__THE TASK__. Your reply should reproduce all the data below exactly while excluding the pictures.

__PROVIDED MATERIAL__.

★ ★ ★ ★ ★

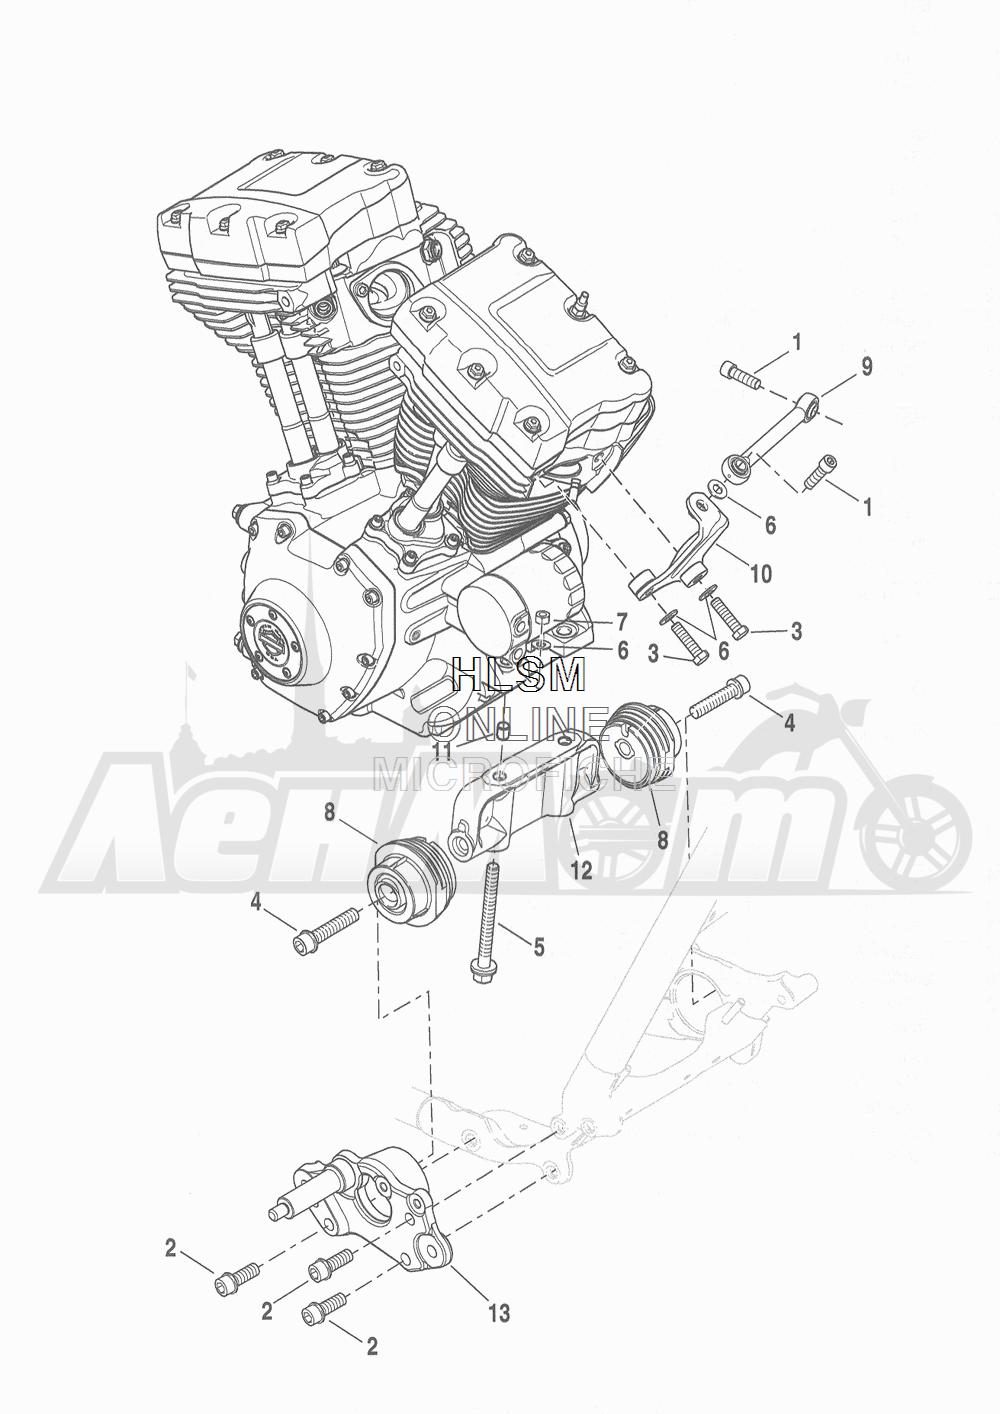 Запчасти для Мотоцикла Harley-Davidson 2016 FLHRC ROAD KING CLASSIC (FRM) Раздел: ENGINE MOUNTS W/ STABILIZER LINK   опоры двигателя вместе с стабилизатор
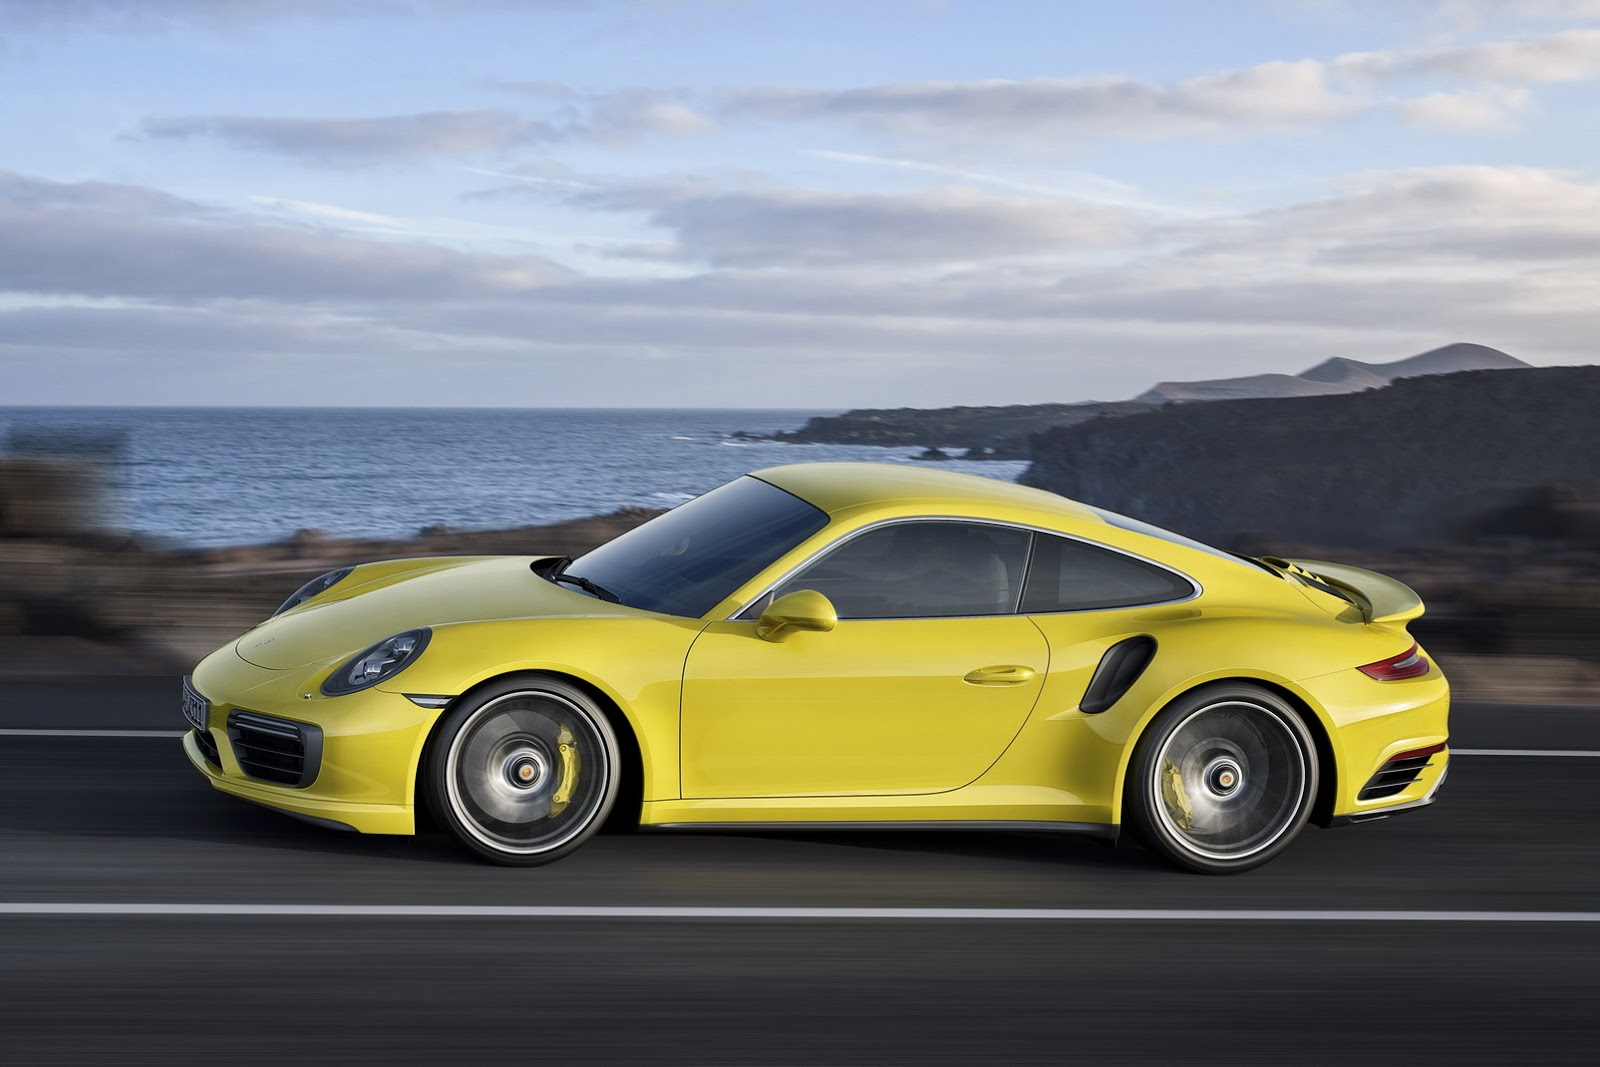 photo gallery - Porsche 911 Turbo S
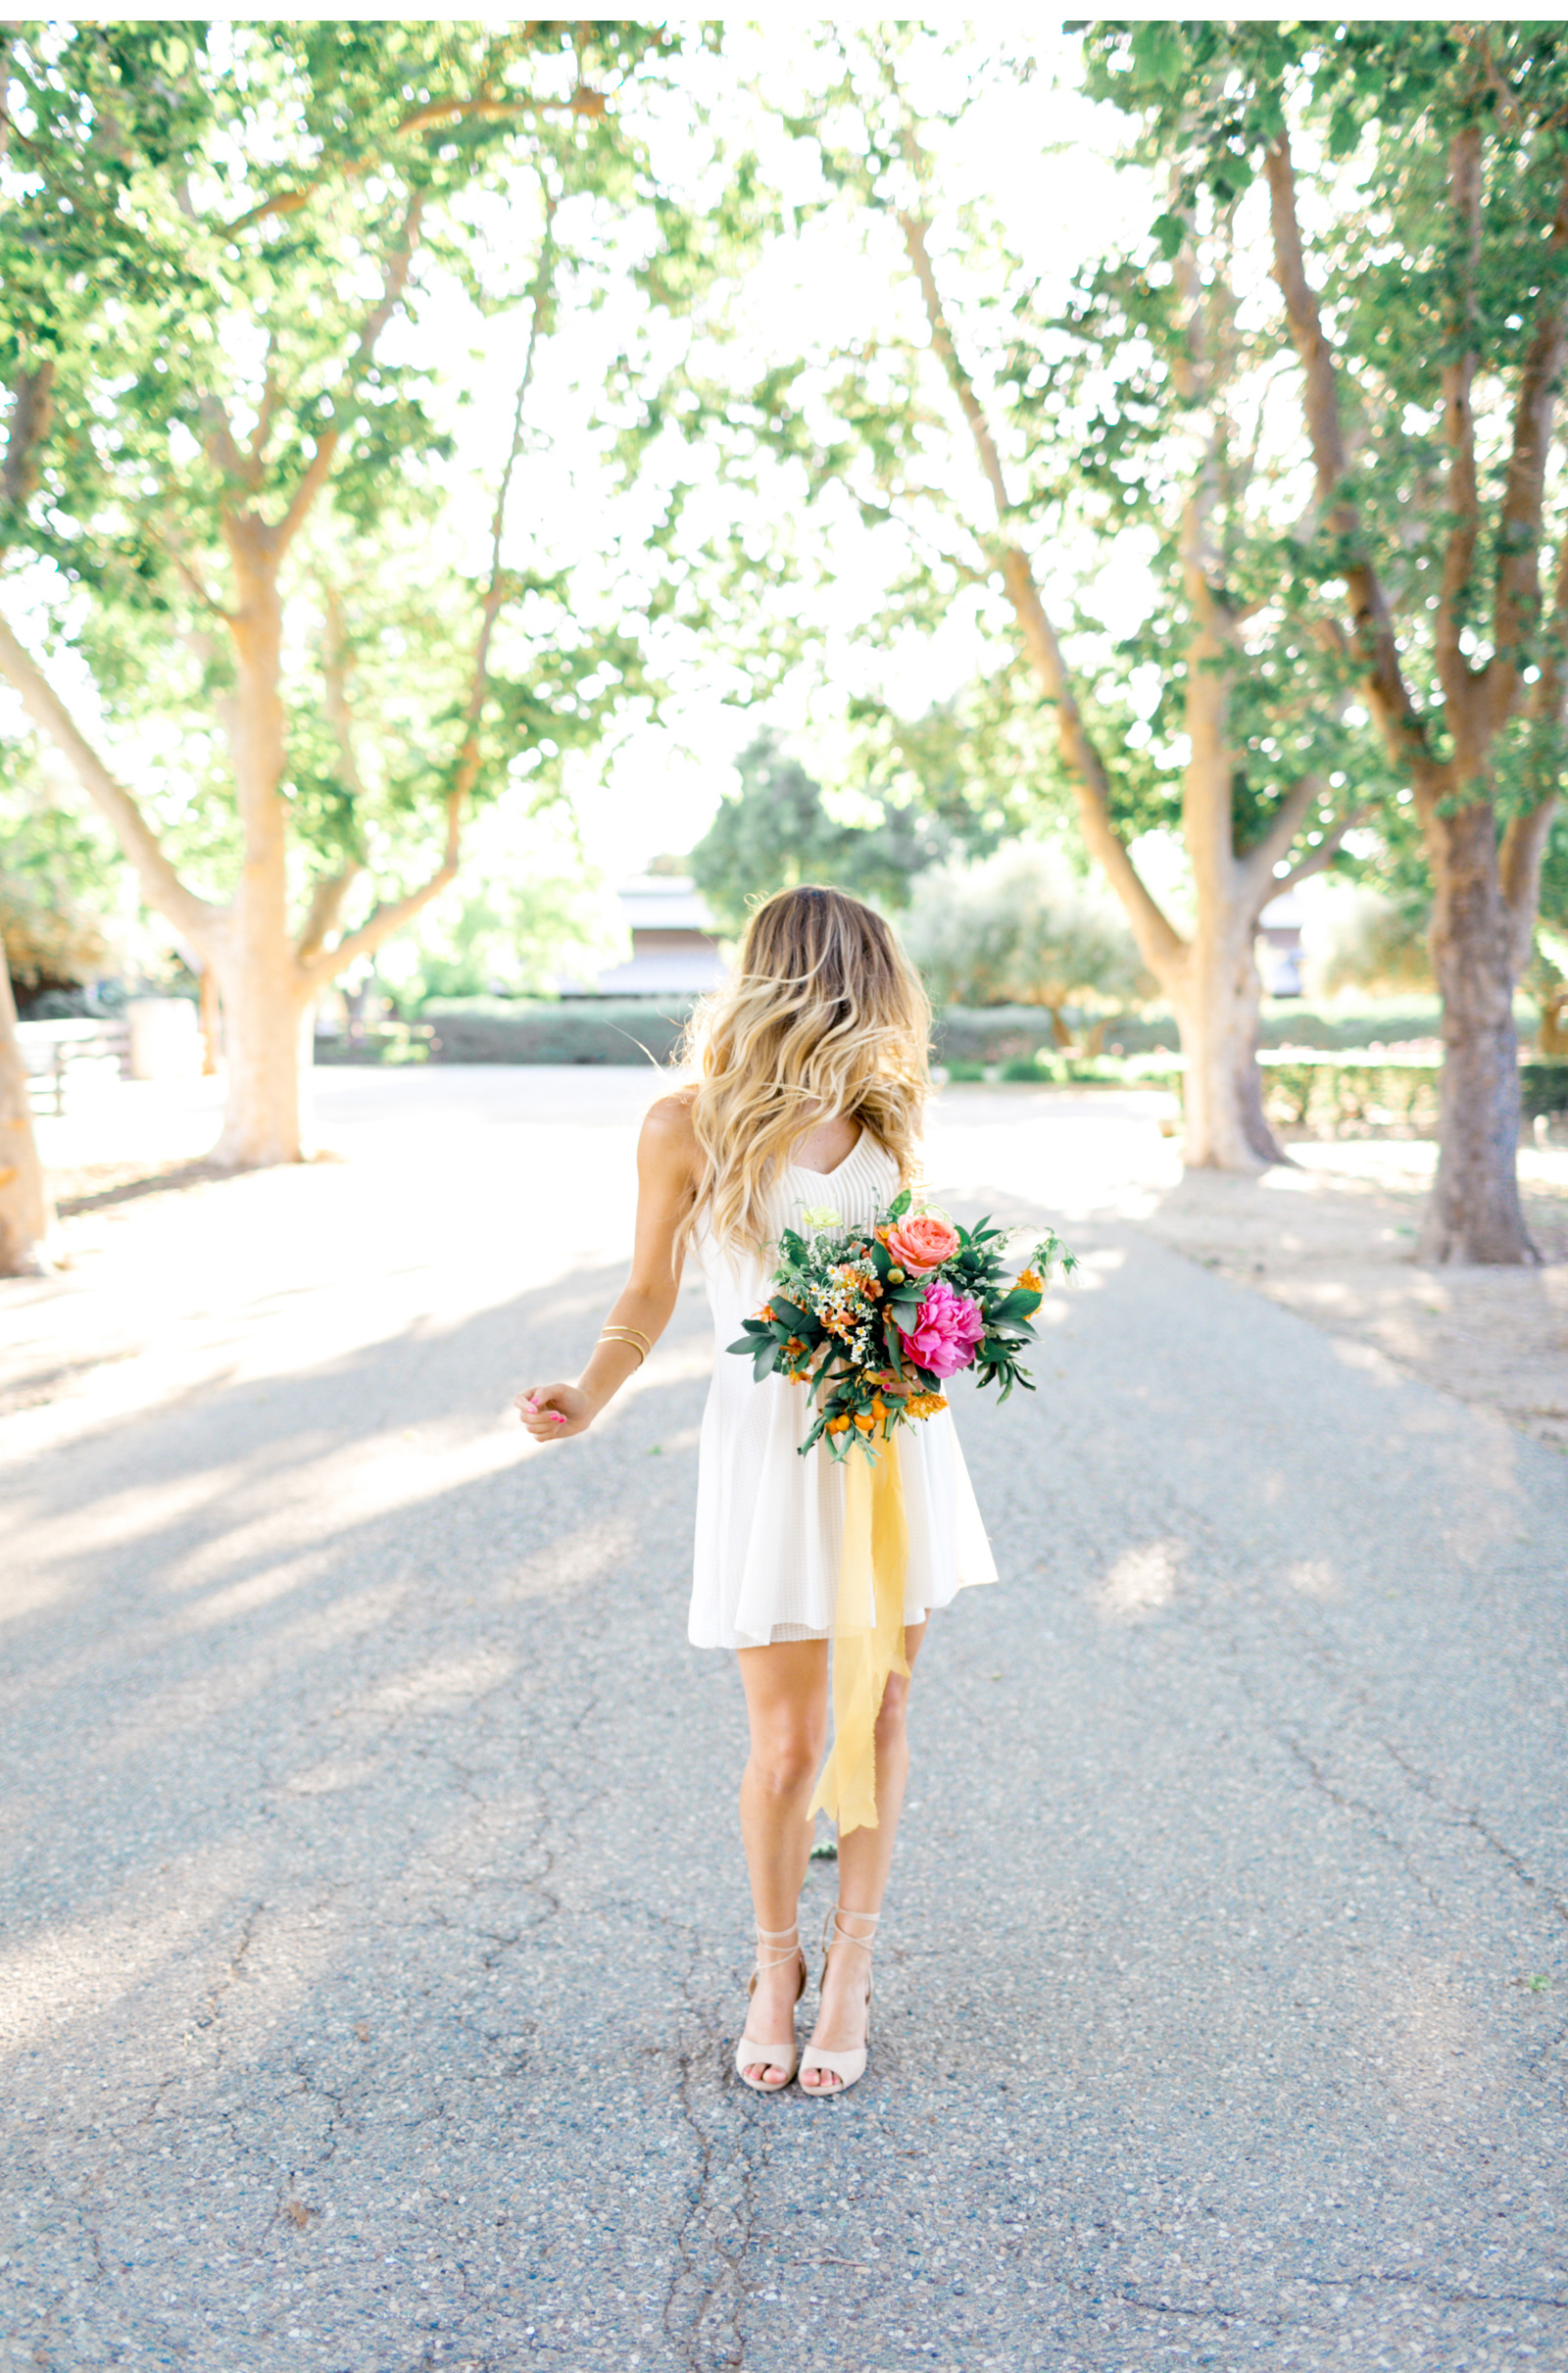 San-Luis-Obispo-Wedding-Photographer-Hammersky-Vineyard-Natalie-Schutt-Photography_02.jpg
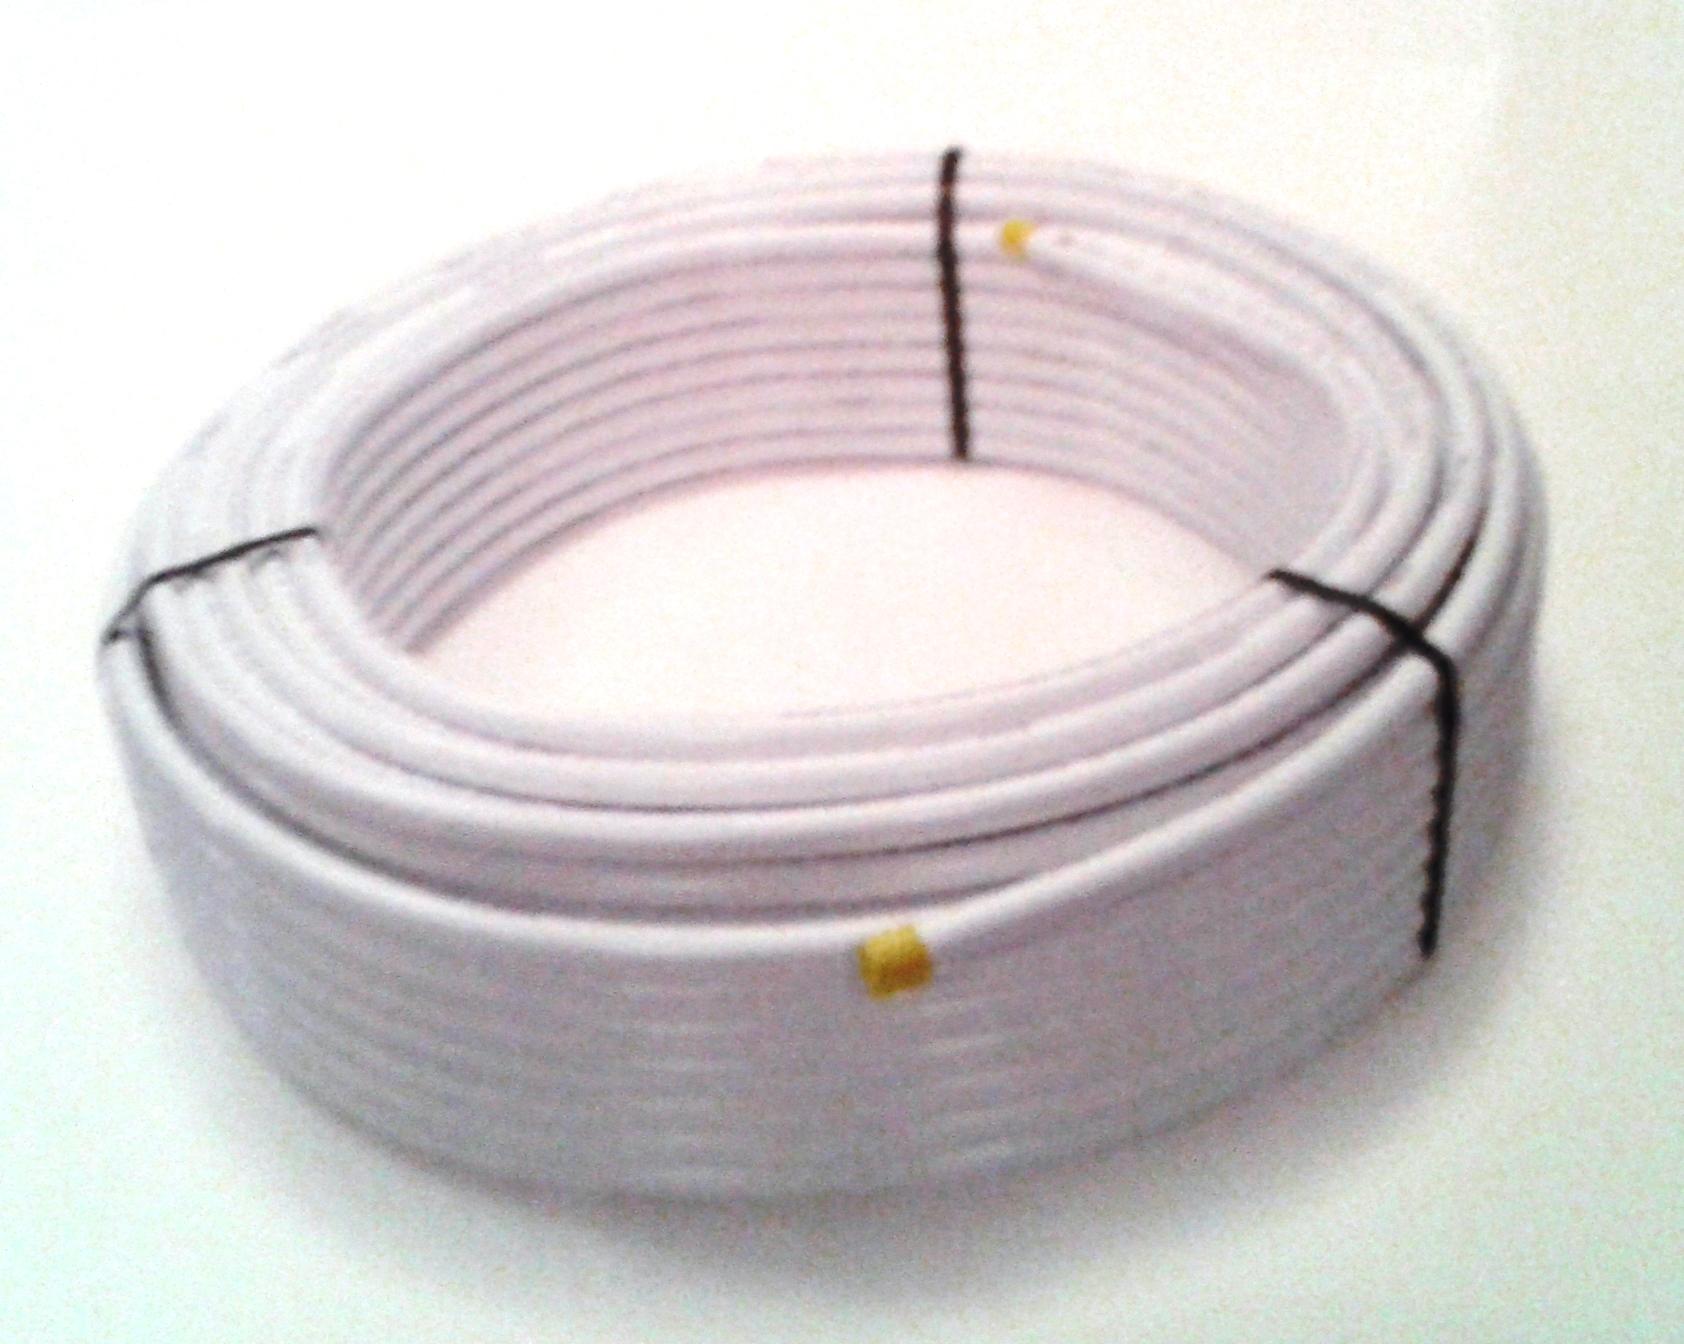 25m Aluminium Mehrschichtverbundrohr Rolle 26x3mm 26x3mm 26x3mm für Heizung Sanitär (/m) a95aec

★ ★ ★ ★ ★

__ANSWER FOR THIS EXERCISE__.
 Запчасти для Мотоцикла Harley-Davidson 2016 FLHRC ROAD KING CLASSIC (FRM) Раздел: ENGINE MOUNTS W/ STABILIZER LINK   опоры двигателя вместе с стабилизатор
 photo gallery - Porsche 911 Turbo S
 San-Luis-Obispo-Wedding-Photographer-Hammersky-Vineyard-Natalie-Schutt-Photography_02.jpg
 25m Aluminium Mehrschichtverbundrohr Rolle 26x3mm 26x3mm 26x3mm für Heizung Sanitär (/m) a95aec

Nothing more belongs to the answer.